The other condition in which the mesenteric nodes are especially involved is the cancerous. In this location, as in the omentum, sarcoma may be primary and endothelioma may occur, but carcinoma is never primary, although it invariably occurs as an extension from epithelioma or adenocarcinoma of the bowel. Otherwise cancer will appear here as an expression of metastasis. In all primary cancers of the intestine early involvement of the mesenteric nodes may be looked for, while involvement of everything in the vicinity, even the aorta or spine, will occur in due time, often with more or less breaking down. There would be little justification for attacking any cancerous portion of the mesentery or any cancerous nodes unless the primary lesion could be radically removed. Generally speaking, in bowel cancer invasion of the deep-seated nodes imparts to the case such an unfavorable aspect as to justify only palliative (anastomotic) rather than radical measures.
CYSTS OF THE MESENTERY.
Cysts of the mesentery are, in the main, similar to those met with in the omentum ([Fig. 631]). A peculiar form of mesenteric cyst is produced by obstruction and consequent dilatation of one or more of the lacteals, and is known as chyle cyst. It may attain considerable size and occur in multiple form. The contained fluid is naturally milky and corresponds to that seen in chylous ascites and hydrocele. These lesions are only recognized after exploration. When found they are to be extirpated, on general principles, usually by enucleation, with ligature of the connecting lacteals and avoidance of all unnecessary disturbance of blood supply.
Fig. 631
Cyst of the mesentery, containing clear fluid. The hour-glass constriction passes through the layers of the mesentery. (From a case occurring in Richardson’s practice.)
THE SPLEEN.
The spleen is often an object of surgical interest, not alone because of the frequency with which it is enlarged in the course of the acute surgical infections, but because it is something more than a reservoir for blood. Thus it seems to enlarge to accommodate blood forced in from the exterior under conditions of extreme exercise, etc., and in the higher vertebrates it seems to be a place where blood corpuscles are destroyed, especially those which are already disintegrating, rather than one in which they are manufactured. It is claimed by Ehrlich that the splenic enlargement of the infectious diseases is produced mainly by the products of disintegrating leukocytes which are allowed to accumulate.
ANOMALIES OF THE SPLEEN.
Of the congenital anomalies or defects the surgeon is mainly interested in the fact that supernumerary spleens are common, being found perhaps in one out of four bodies varying in number up to thirty or forty, located near the hilus in the gastrosplenic omentum, in the great omentum, or even in the pancreas.
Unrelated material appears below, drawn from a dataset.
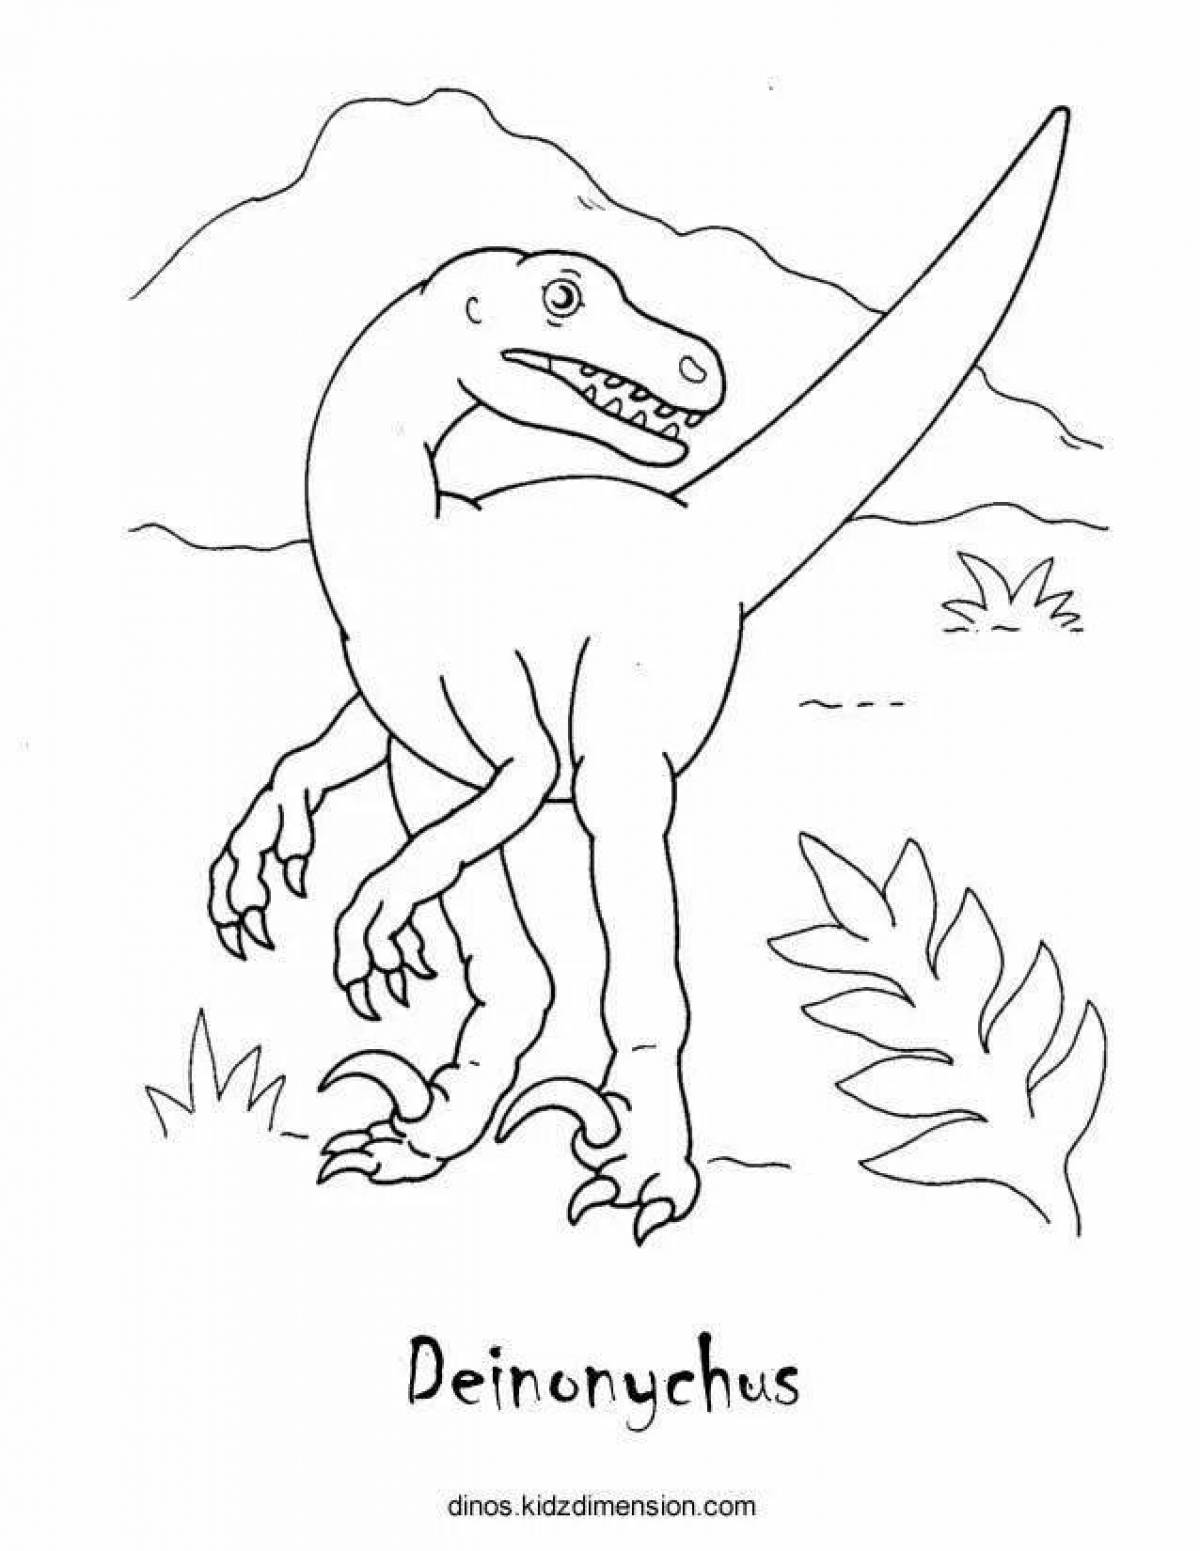 Deinonychus incredible coloring book

Doubtless after some splenectomies no peculiar symptoms are produced, which is due to the fact that some of the supernumerary organs have taken up the splenic function. The spleen varies in shape to such an extent that the notch upon which so much stress is often laid in diagnosis will not always be found along the anterior border. In cases of transposition of the viscera the spleen may be found on the right side. It has been found in the sacs of large umbilical hernias and in the left thorax after defects of the diaphragm.